In the speech emotional Study of recognition, be faced with the problem of emotion language material validity at present.Emotion language material data by the mode of performance is gathered are called the performance language material.Present most speech emotional Study of recognition is based on the performance language material.The advantage of performance language material is easy collection, and shortcoming is emotion performance exaggeration, with the practical natural voice certain difference is arranged, and the reliability that therefore causes performing data is relatively poor.Set up the emotion recognition system based on performance emotion language material,, caused the decline of recognition performance under physical condition because the data that are used for the model of cognition training have certain difference with actual data.Emotion language material by the method collection brought out is called and brings out language material.The characteristics of bringing out language material are that naturalness is higher, and are convenient to the language material that psychologic by experiment method control obtains needed particular emotion.Before the present invention, in the Chinese speech emotion recognition, also there is not the corpus that brings out of irritated mood.

Human emotion has ambiguity and diversity, in speech emotional identification, traditional recognition methods be with the sample that occurs rigid be divided into a certain class in the known class, yet when in reality, having more ambiguous emotion sample, the confidence level of classification is just relatively poor, and the probability of erroneous judgement is just higher.

Summary of the invention

The object of the invention is to fill up speech emotional recognition technology blank part in actual applications, provide a kind of at irritated mood can be according to the automatic speech emotion identification method of declaring.

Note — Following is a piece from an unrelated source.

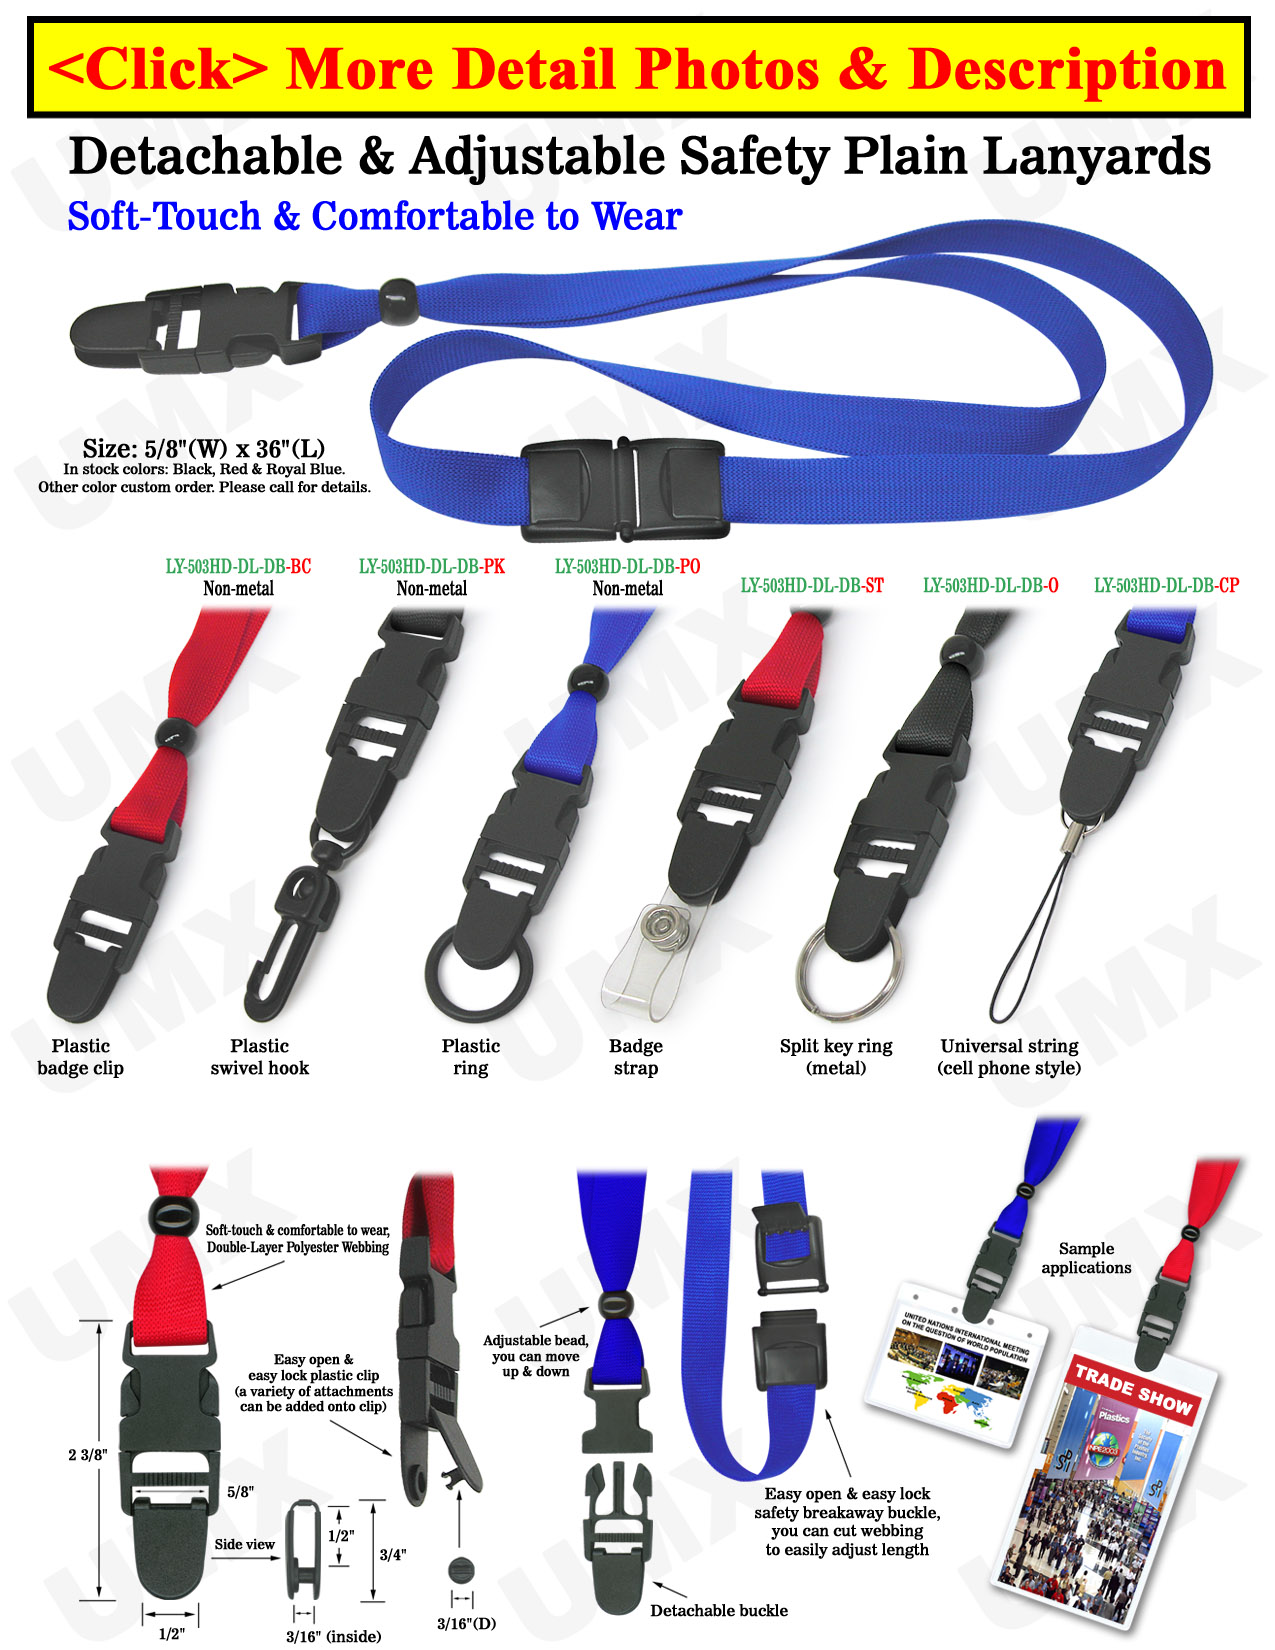 5/8" Adjustable & Detachable Safety Plain Lanyards With Detachable Side Release Buckles LY-503HD-DL-DB/Per-Piece

The present invention adopts following technical scheme for achieving the above object:

A kind of can comprise the steps: of the present invention at irritated mood according to the automatic speech emotion identification method of declaring

(1) sets up irritated speech database;

(2) extract the speech emotional feature;

(3) feature selecting

(3-1) adopt the fisher criterion to carry out characteristic evaluating: the fisher criterion is represented with formula (1):

f (d) = \frac{1}{C_{m}^{2}} \underset{0 < i < j < m}{Σ} \frac{{(μ_{id} - μ_{jd})}^{2}}{σ_{id}^{2} + σ_{jd}^{2}} - - - (1)

Wherein μ is the average of eigenwert, and σ is the standard deviation of eigenwert, and m is the sum of classification, and d is a dimension.

(4) can be according to the recognition methods of declaring

(4-1) adopt GMM that irritated, happy and tranquil three kinds of emotions are carried out modeling, every kind of corresponding GMM model of emotion is adjudicated by maximum posteriori criterion: x _iRepresent i bar statement sample, λ _jRepresent j emotion classification, maximum a posteriori probability is expressed as:

p (λ_{j} | x_{i}) = \frac{p (x_{i} | λ_{j}) P (λ_{j})}{P (x_{i})} - - - (2)

Sample judgement to be identified is:

j^{*} = \arg \max_{j} p (x_{i} | λ_{j}) - - - (3)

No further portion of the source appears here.